HA: The average ozone level varies between May and other month.
t.test(May$Ozone,June$Ozone)
##
## Welch Two Sample t-test
##
## data: May$Ozone and June$Ozone
## t = -0.7801, df = 16.938, p-value = 0.4461
## alternative hypothesis: true difference in means is not equal to 0
## 95 percent confidence interval:
## -21.598419 9.940299
## sample estimates:
## mean of x mean of y
## 23.61538 29.44444
The p-value is greater than the significance level of 0.05 so I would fail to reject the null hypothesis and say that ozone level is not impacted by month when comparing May and June.
t.test(May$Ozone,July$Ozone)
##
## Welch Two Sample t-test
##
## data: May$Ozone and July$Ozone
## t = -4.682, df = 44.843, p-value = 2.647e-05
## alternative hypothesis: true difference in means is not equal to 0
## 95 percent confidence interval:
## -50.77291 -20.22709
## sample estimates:
## mean of x mean of y
## 23.61538 59.11538
The p-value is less than the significance level of 0.05 so I would reject the null hypothesis and say that ozone level is impacted by month when comparing May and July.

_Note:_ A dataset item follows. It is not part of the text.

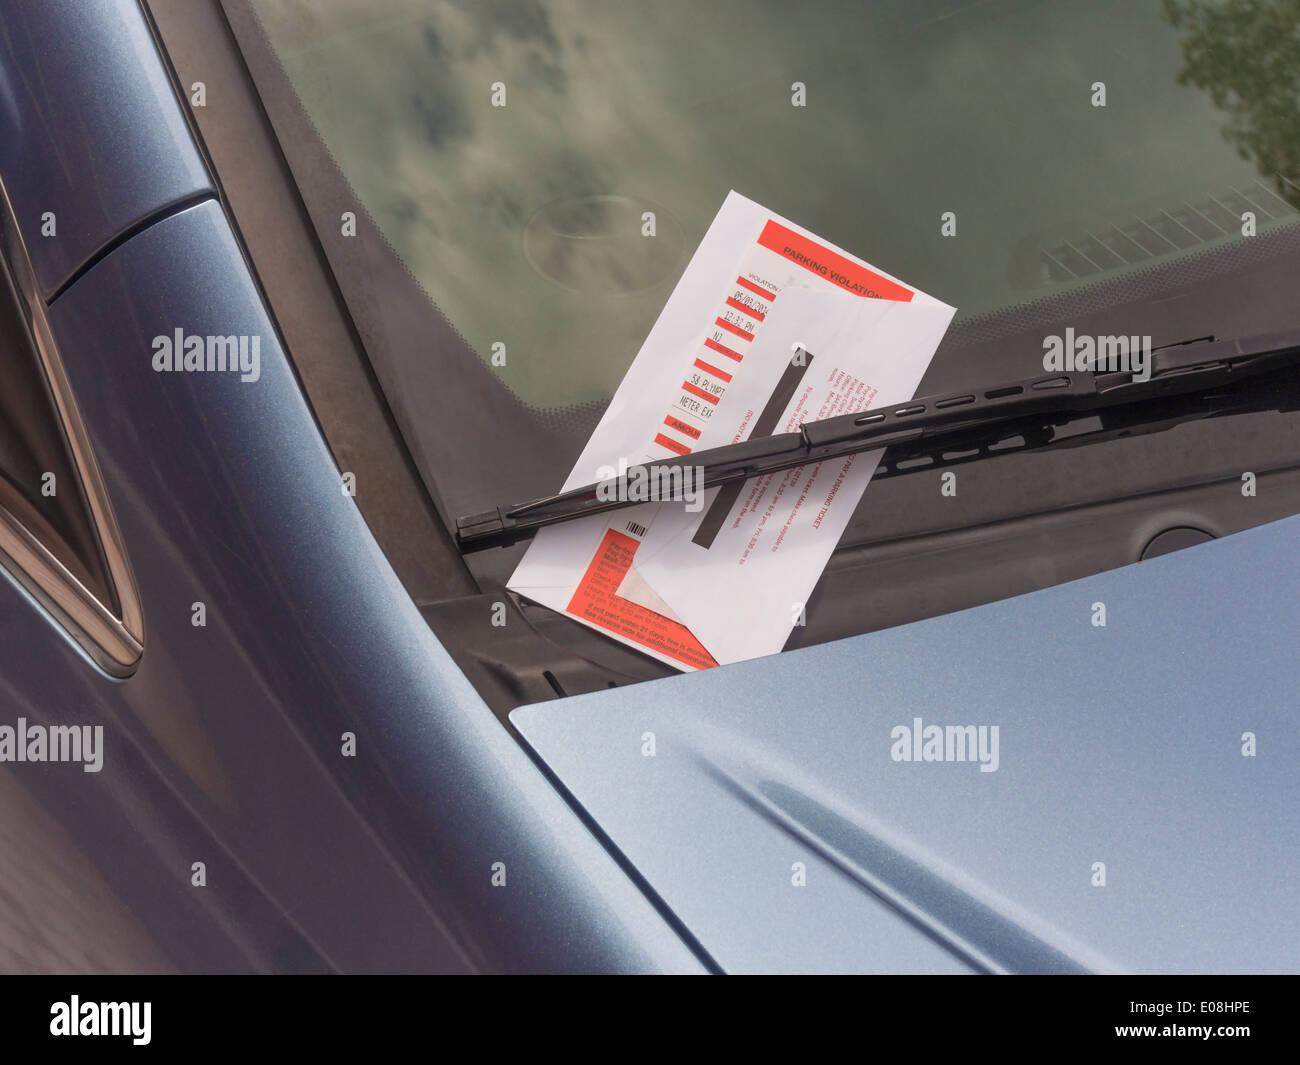 parking ticket on motor car windscreen or windshield. - Stock Image

t.test(May$Ozone,August$Ozone)
##
## Welch Two Sample t-test
##
## data: May$Ozone and August$Ozone
## t = -4.0749, df = 39.279, p-value = 0.0002169
## alternative hypothesis: true difference in means is not equal to 0
## 95 percent confidence interval:
## -54.38358 -18.30873
## sample estimates:
## mean of x mean of y
## 23.61538 59.96154
The p-value is less than the significance level of 0.05 so I would reject the null hypothesis and say that ozone level is impacted by month when comparing May and August.
t.test(May$Ozone,September$Ozone)
##
## Welch Two Sample t-test
##
## data: May$Ozone and September$Ozone
## t = -1.2527, df = 52.957, p-value = 0.2158
## alternative hypothesis: true difference in means is not equal to 0
## 95 percent confidence interval:
## -20.374201 4.708419
## sample estimates:
## mean of x mean of y
## 23.61538 31.44828
The p-value is greater than the significance level of 0.05 so I would fail to reject the null hypothesis and say that ozone level is not impacted by month when comparing May and September.
Overall I would say ozone levels are a function of month because I found that to be the case when comparing May to July and August.